The problem, when it comes to training blue-collar workers (besides unions, which is another story, because training can only be done during the employee’s work hours), is that it’s not uncommon to hear from L&D executives that the C-suite, i.e., the CEO, doesn’t feel the same way.
With the productivity impact often cited.
I experienced this firsthand when my CEO told me that our “blue-collar workforce” didn’t need training, even though, in an open letter to the company, the CEO mentioned the benefits of training for all employees.
There are systems that focus solely on the blue-collar workforce, and, as my post will note, I believe, across the board, this is an untapped market because it is different from frontline/deskless.
The fact that a poll shows greater embracement of career development with AI among this workforce, compared to the white-collar workforce, should not be excluded from the conversation.
Recommend Reads
What to watch for
- Hybrid AI – There are vendors jumping into this – a combination of Predictive AI and Gen AI – those that go full throttle or at least enough, will be able to increase reliability -a minus with Gen AI, but can be offset by Predictive AI
- SLM- I’ve written in the past about Small Language Models – they are cost-efficient energy-wise compared to an LLM, and can handle similar task levels. Again, vendors in our industry seem to either ignore this, i.e., using an SLM for their system, heck, even with their app on a mobile device, or just lack knowledge thereof
- LDM – Large Database Models
Bottom Line
This is a different type of post than what you often see.

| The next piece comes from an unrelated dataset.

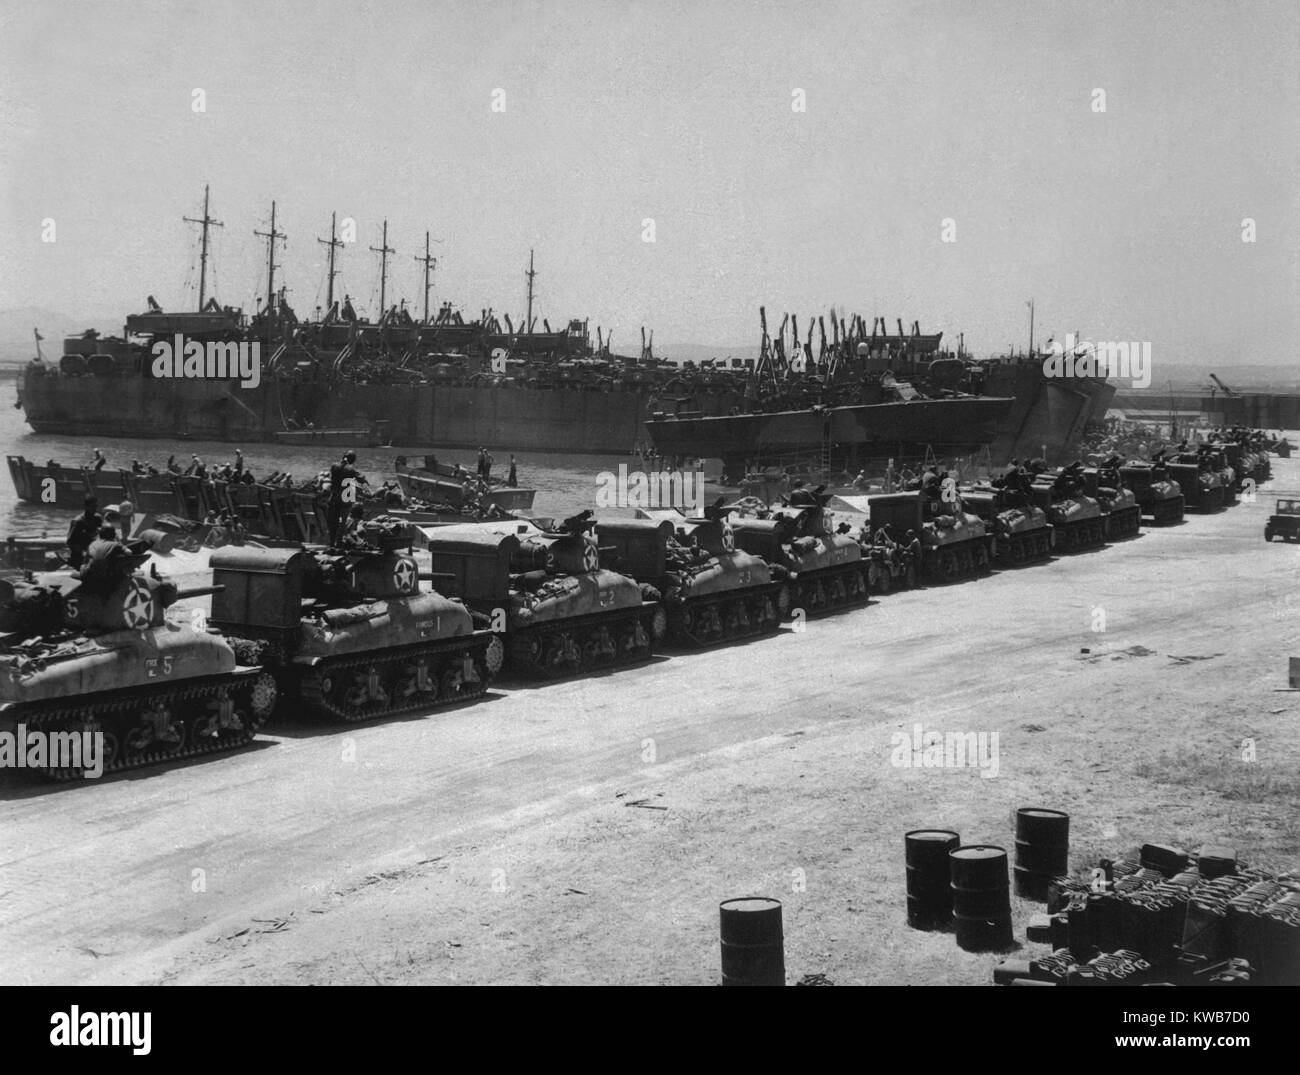 Zwei Tage vor der Invasion der Alliierten auf Sizilien, Tanks board Landing Craft. Schiffe sind an der Französischen Marinebasis, La Pecherie, Tunesien. Juli 1943, der zweite Weltkrieg 2. (BSLOC 2014 10 19) Stockfoto

I hope that it offers two sides here – one to keep folks updated on relevant information around AI – the latest, that I see as imperative, not just to L&D and Training professionals, but also vendors; and some insight across the way.
I’ll be publishing one every other month.
I’d love to hear your comments on whether you would like to see more of these posts tied to AI with this format, or if it is nice but not needed.